So I had high hopes of entering this essay contest that's in the magazine "Real Simple" (awesome mag by the way) and bringing home the grand prize. The topic for the essay? "When did you first realize that you had become a grown-up?" Now as soon as I read about this I immediately started thinking about all the different times that I could write about. You know, all the cliched times I "realized" I was finally an adult. More or less it would have been me writing a bunch of crap that some frou-frou lady who edits a magazine section would be enchanted by and publish and give me $3000 and send me off to New York city for 2 nights.
But believe it or not this was not as simplet as it sounds. I started working on this little project immediately after reading about it in my August issue nestled in between the All-Bran ad and some boring piece by some lady (a creative writing professor at a college in Portland, no less) who is searching for a quiet place to work but discovers that quiet isn't even what she wants. Can you say pointless? Yep, and BORING too! I mean, come on. I can't believe they actualy pulished that mess in there. I expect way better from Real Simple. People don't want to read about crap like that. People want to read about innocent 19 year old girls getting knocked up by the ass-hole of their dreams and life as they know it ends forever. They want to read about the perceived struggles of a single moms getting themselves through college after leaving the aforementioned ass-hole. People want to read about trials, tribulations, heartbreak, and tradgedy...and then they want to hear heroic stories of the people who pick themselves up and dust off and go on to discover Viagra or cure cancer. I could have easily written about all of these things IF they were actually true.
My problem with this whole essay contest is that I honestly cannot pinpoint a time in my life when I said "Self, you are now a grown-up.
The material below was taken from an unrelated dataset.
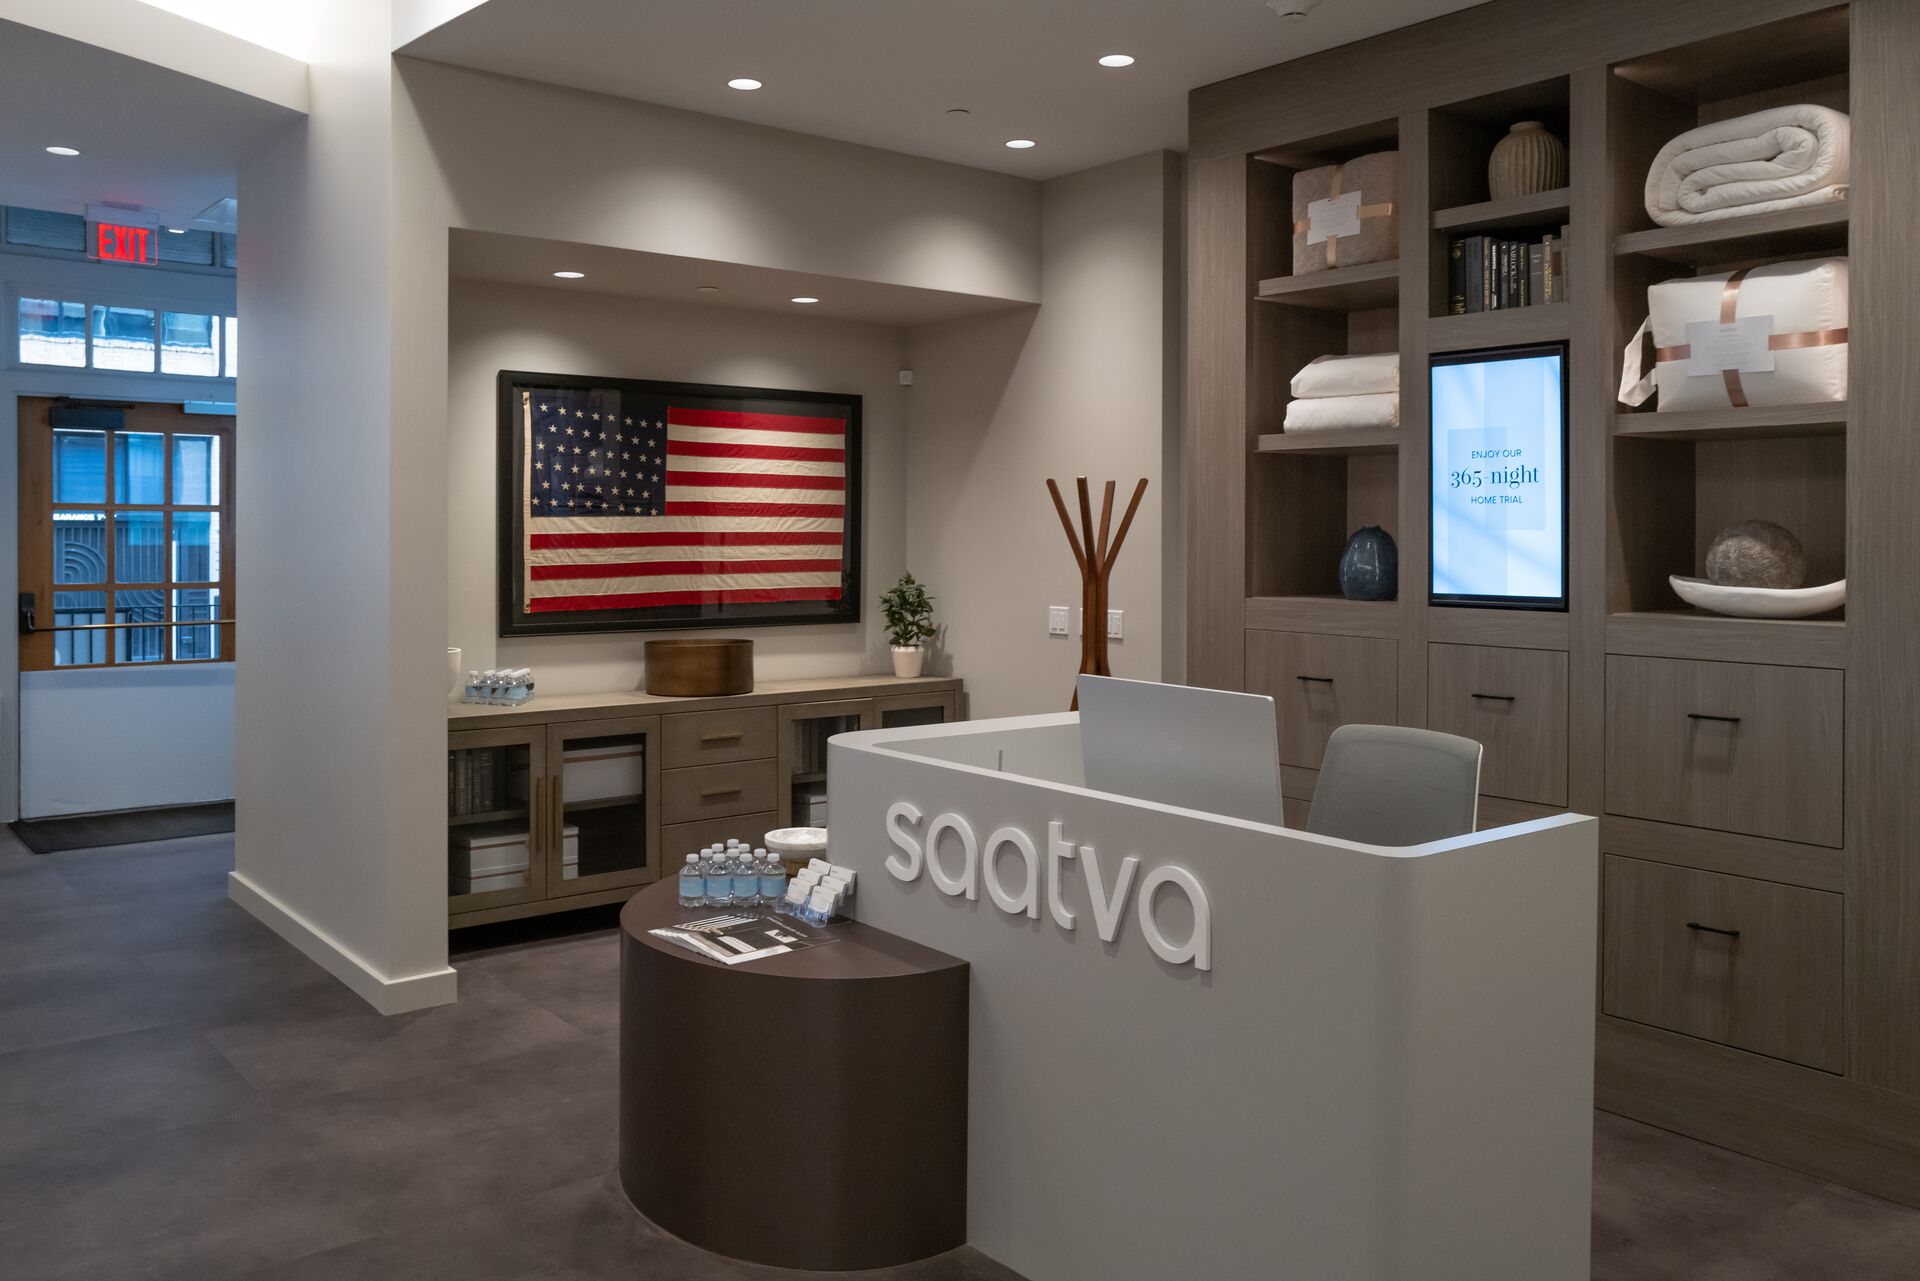 The welcome desk and historic American flag in the Saatva Portland Viewing Room.

Congratulations." This only leads me to the conclusion that I am, in fact, not a grown-up yet. I guess to the untrained eye of the outsider I might actually appear to be a grown-up. I have a 6 year old daughter (who is absolutely wonderful if I do say so myself), a decently good career (even on days when I leave and have to either drink massive amounts of alcohol when I get home or go straight to bed), a nice house, and a great husband (I've been told by many that he's nice to look at and I'll have to agree). So outwardly I really do look like a grown-up but I just don't feel like one inside.
Since the essay is actually due today I guess that my big debut in Real Simple isn't going to happen. I'll be keeping an eye on those contests though because I'm sure sooner or later they'll come up with something that is all for me.